IVD and LDT developers are already frustrated by reimbursement ambiguity and variability (a topic for another post), and regulatory ambiguity only adds to the disincentive to invest in novelty. Any business plan for a new IVD or LDT suffers tremendously from the necessary acknowledgement that the regulatory landscape is far from settled. As a Silicon Valley investment banker was recently telling me in relation to this topic, it used to be that you could afford 3 strikes, but these days 1 is more than enough.

And let us be fair to IVD developers that the current landscape challenges them more than it does LDT developers. The cost to develop an LDT is almost always significantly lower than the cost to develop the IVD against which it competes, so it should be no surprise that an average of only 3 novel targets per year have made their way into new IVDs over the last decade.

The risks/reward imbalance for IVD developers extends beyond the development side of the commercialization process, as post-market conditions are also more favorable for LDT developers since they do not have to conform to the guidelines that govern the marketing of IVDs, and so are more free to promote their tests directly to doctors and patients.

When FDA does act there is serious cause for concern about what additional effects new regulatory oversight could have on LDT innovation. FDA review periods for IVDs, both PMA and 510(k), have steadily lengthened over the last decade, while the total number of annual clearances has steadily declined. At the same time there has been no concurrent increase in the average complexity of IVDs submitted that might account for the review process getting longer, as complex, algorithm-interpreted tests tend to be offered far more often as LDTs than IVDs (Pathwork Diagnostics being a notable exception, and its recent failure will likely only encourage the trend).

Imposing the same challenged review processes and infrastructure that are used by FDA to clear and approve IVDs may bring LDTs onto the same playing field as IVDs, and may improve public safety (FDA stated in the PPM that it knows of harm having come to patients from poorly validated LDTs), but it may also contribute to stifling innovation in LDTs.

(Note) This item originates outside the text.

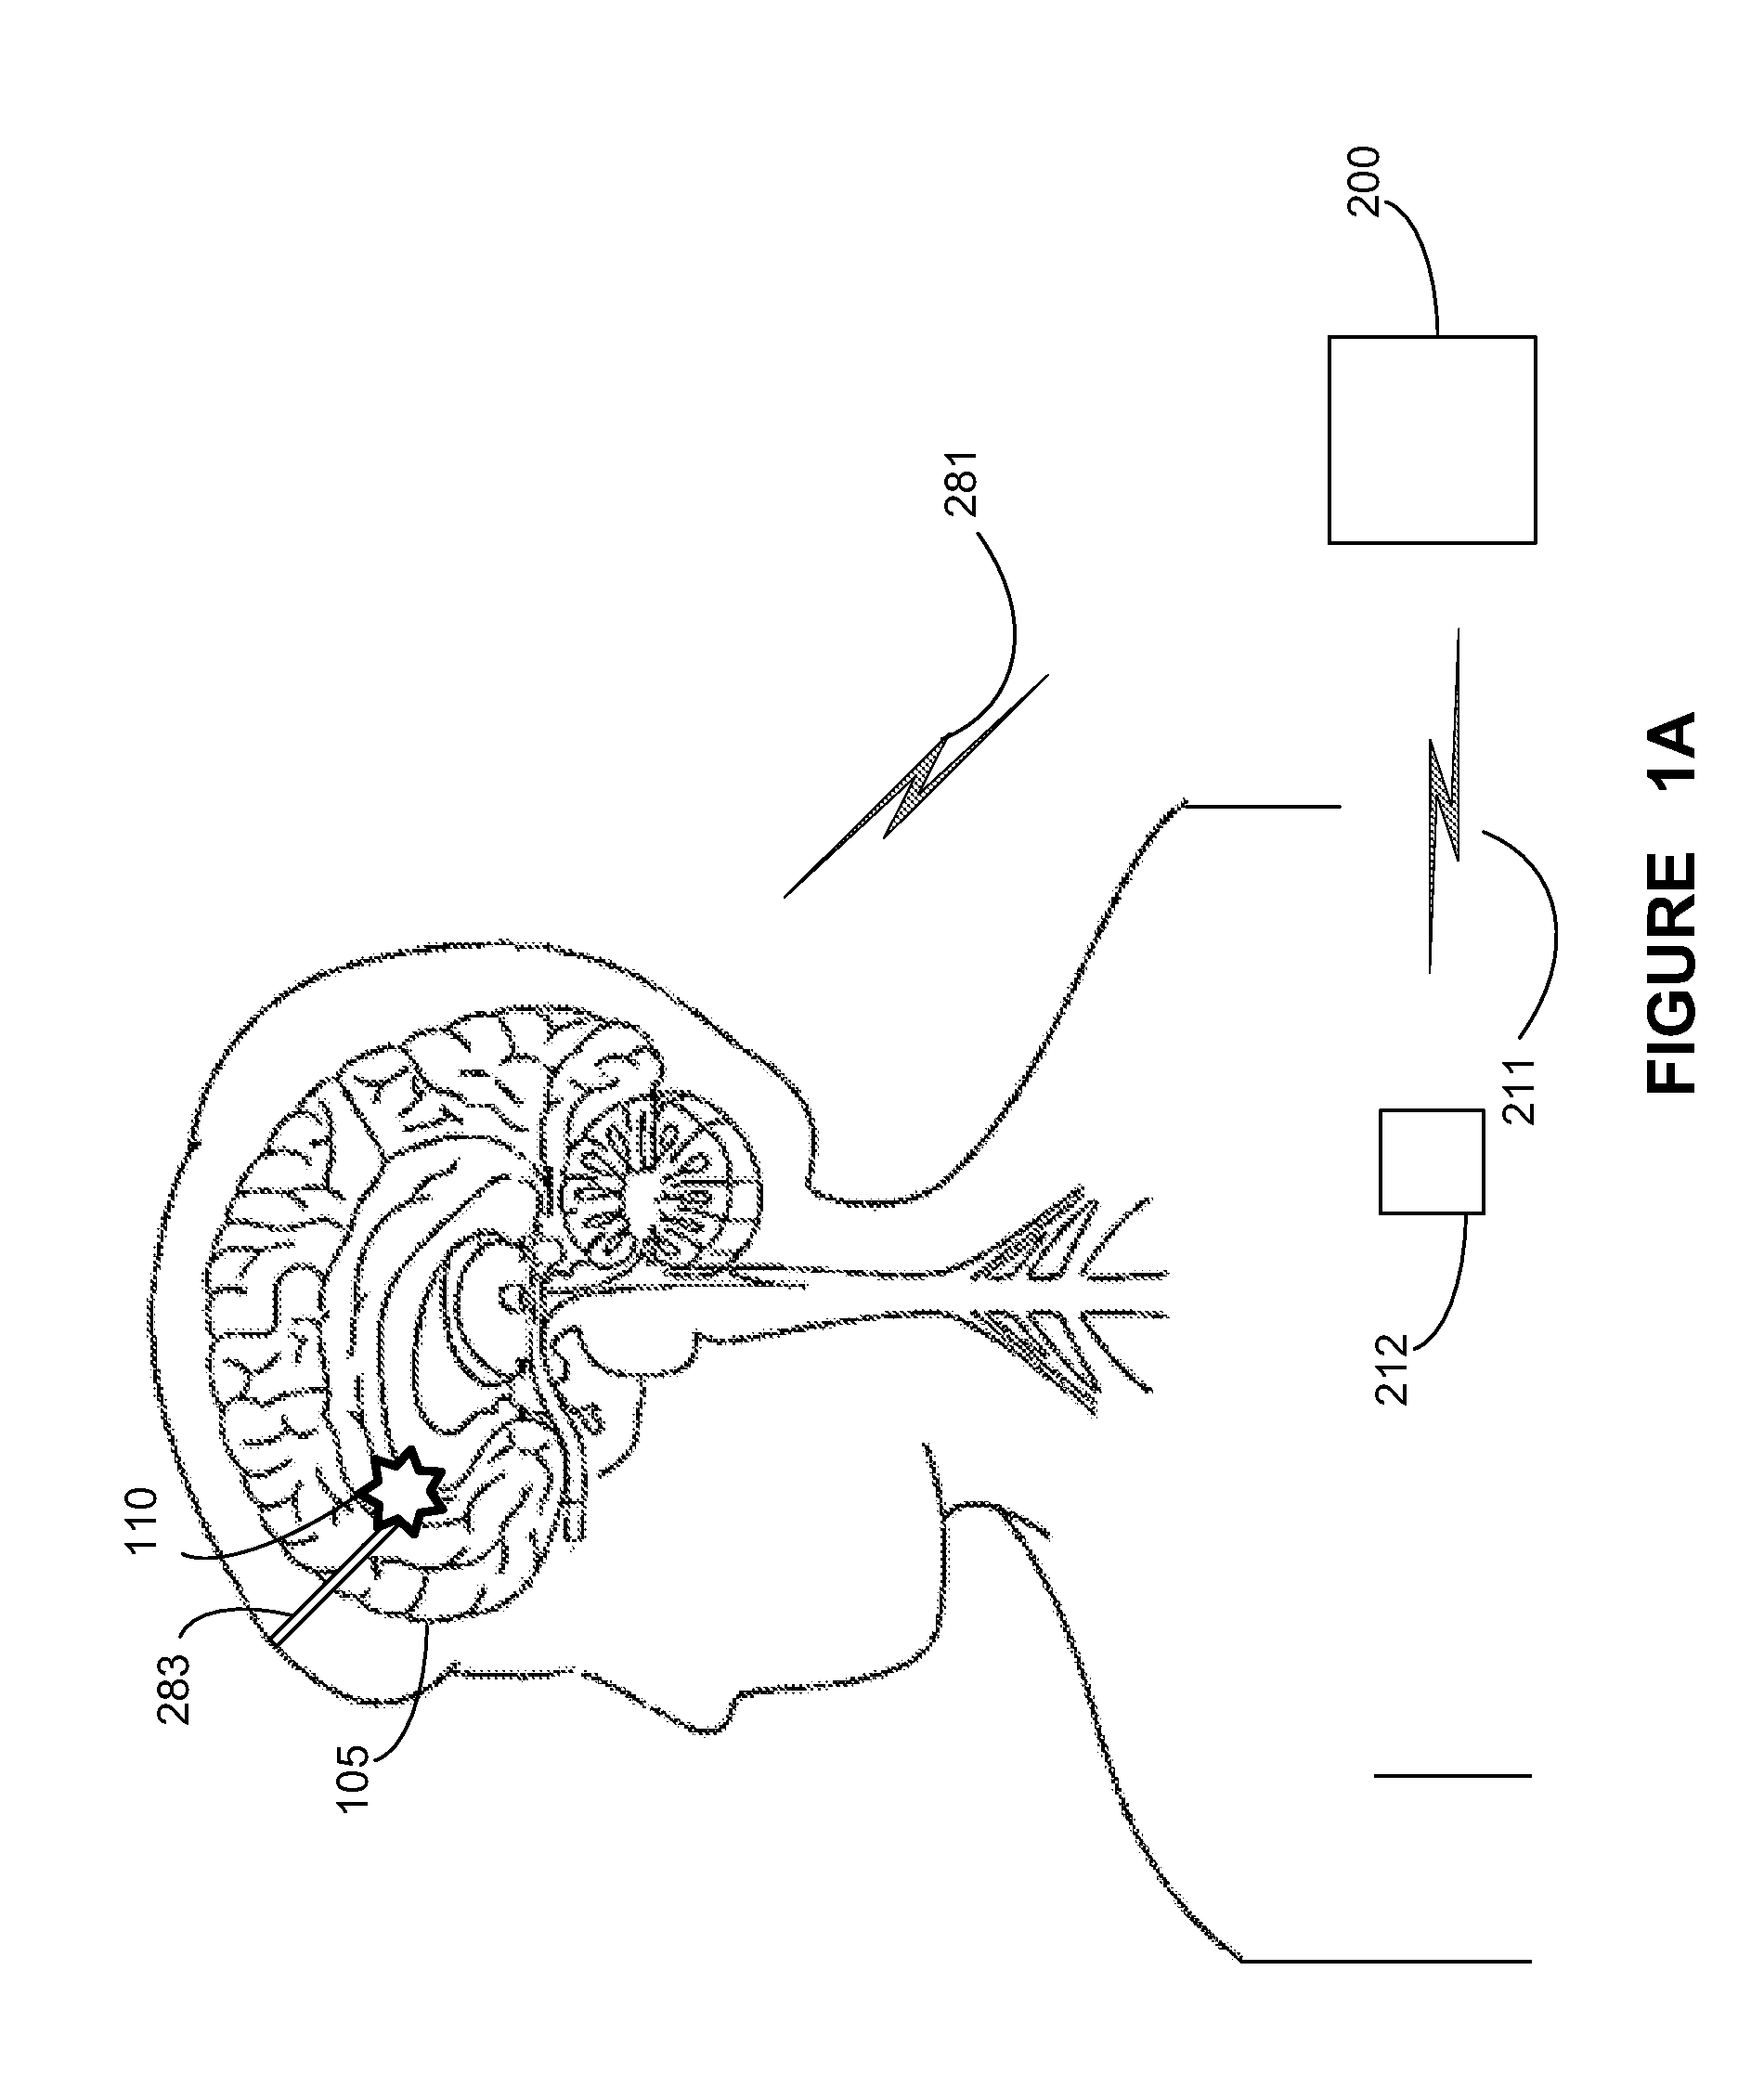 System and apparatus for increasing regularity and/or phase-locking of neuronal activity relating to an epileptic event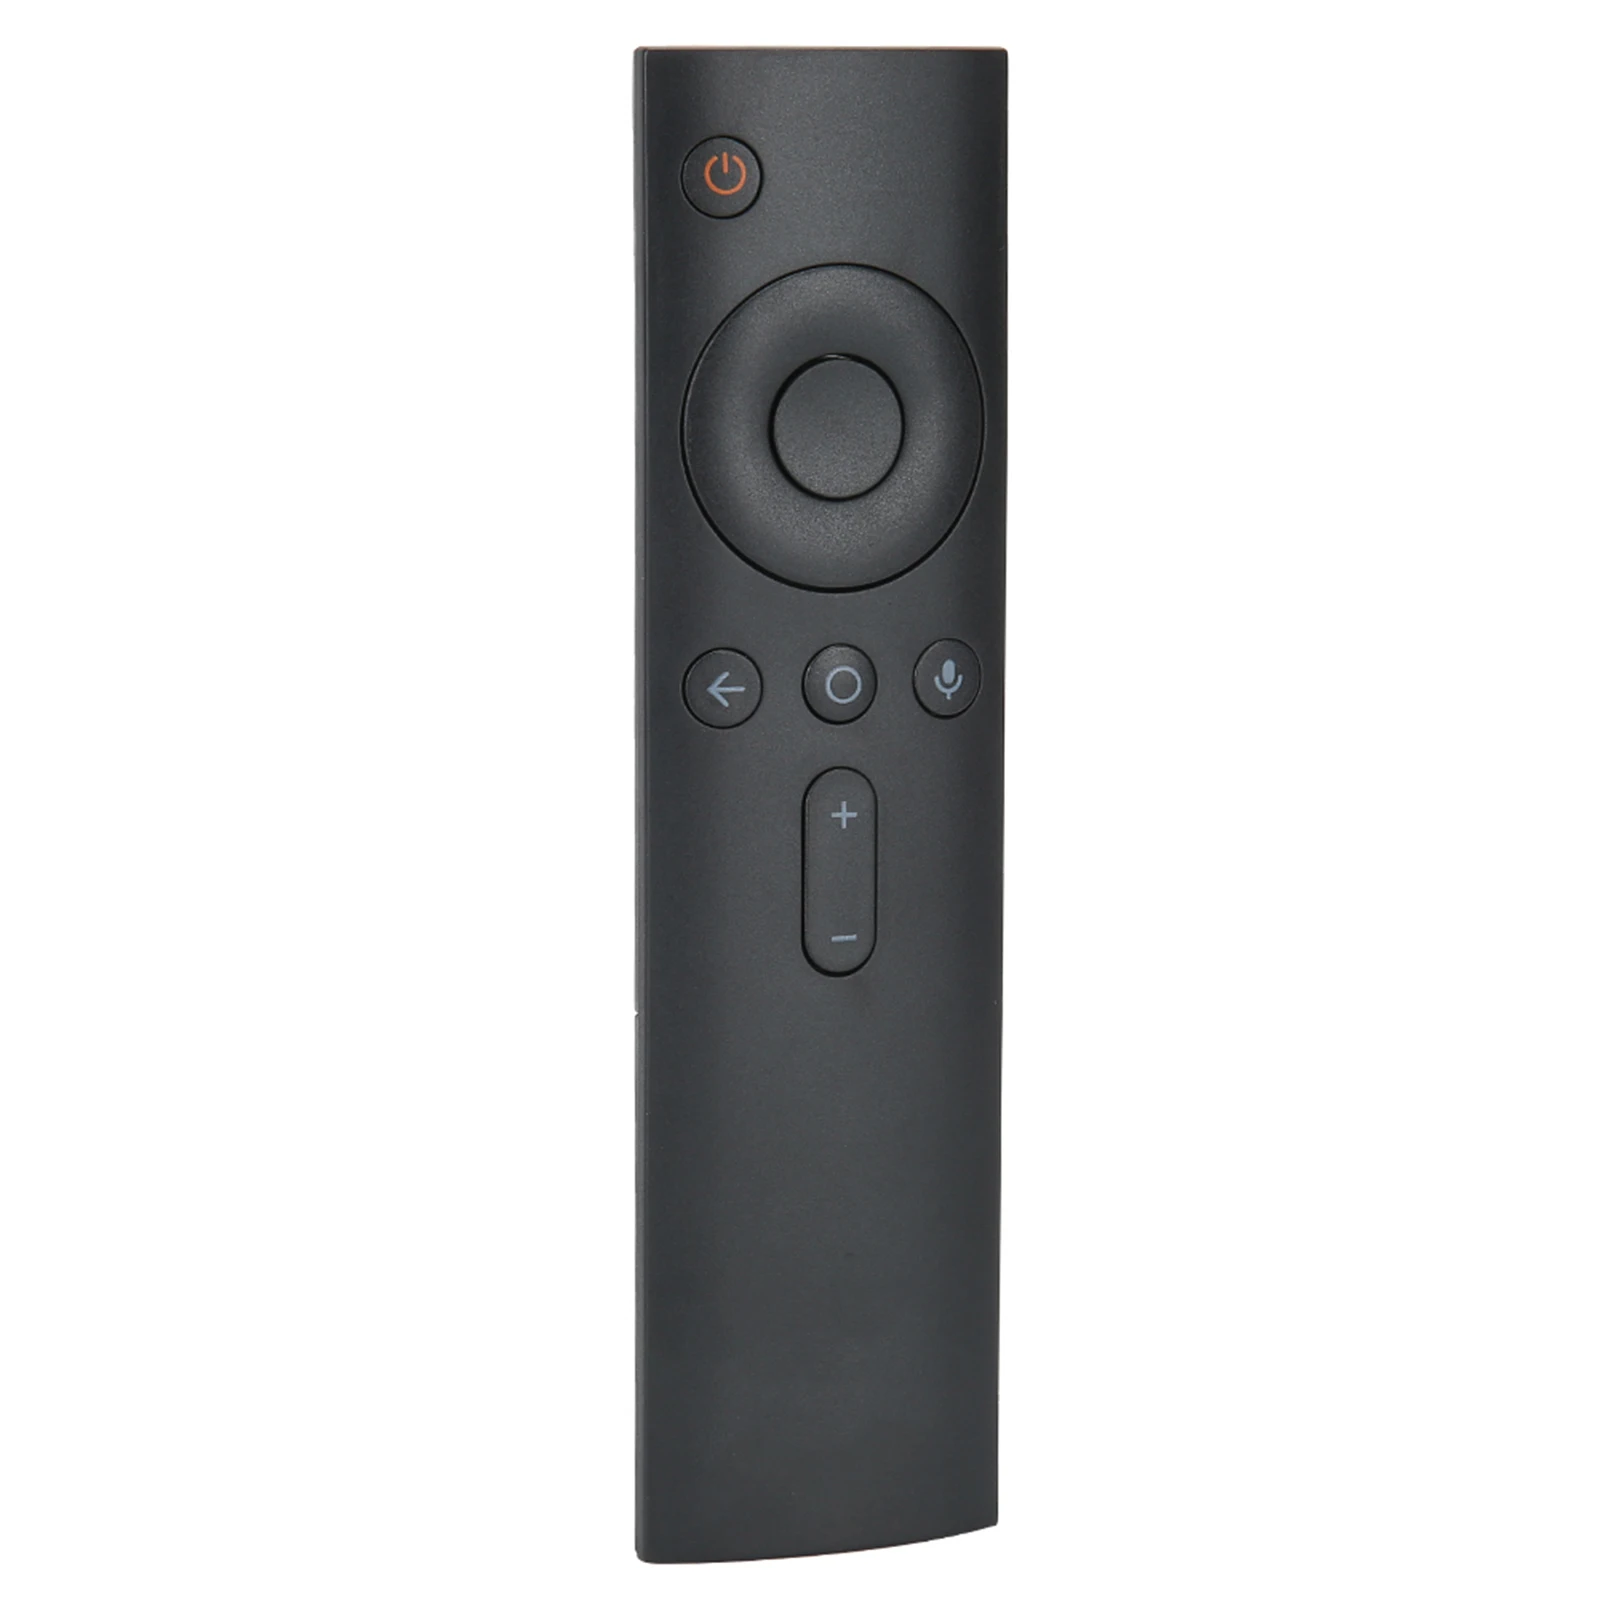 Durable ABS Shell Bluetooth Voice Remote Control Replacement Fits for Xiaomi Mi BOX 3 images - 6

Indeed some of the factors that make the pre- and post-market conditions more attractive for LDTs might make sense for all tests. For example, tests that are validated using data from retrospective analyses of tissue libraries (common for LDTs) rather than validated by far more costly and lengthy prospective studies (often required of IVDs) may yield the same quality product, at least for lower risk tests.

One thing that LDT and IVD developers can agree on is that a lack of transparency is frustrating and stultifying. Medicare’s inability to get its act together on test reimbursement is not just a drag on the market but is literally closing projects and companies down, and the lack of transparency in the rate-setting process only compounds these negative effects.

FDA has an opportunity to be a much more positive player in advancing personalized medicine, by clearly stating the steps it intends to take in regulating all tests, and by ensuring that those steps do the most they can to encourage innovation while not compromising public safety. Hopefully having to deal with tests such as 23andMe’s, which blur the line between IVD and LDT, motivates FDA to define very clearly what the standards are for regulatory oversight.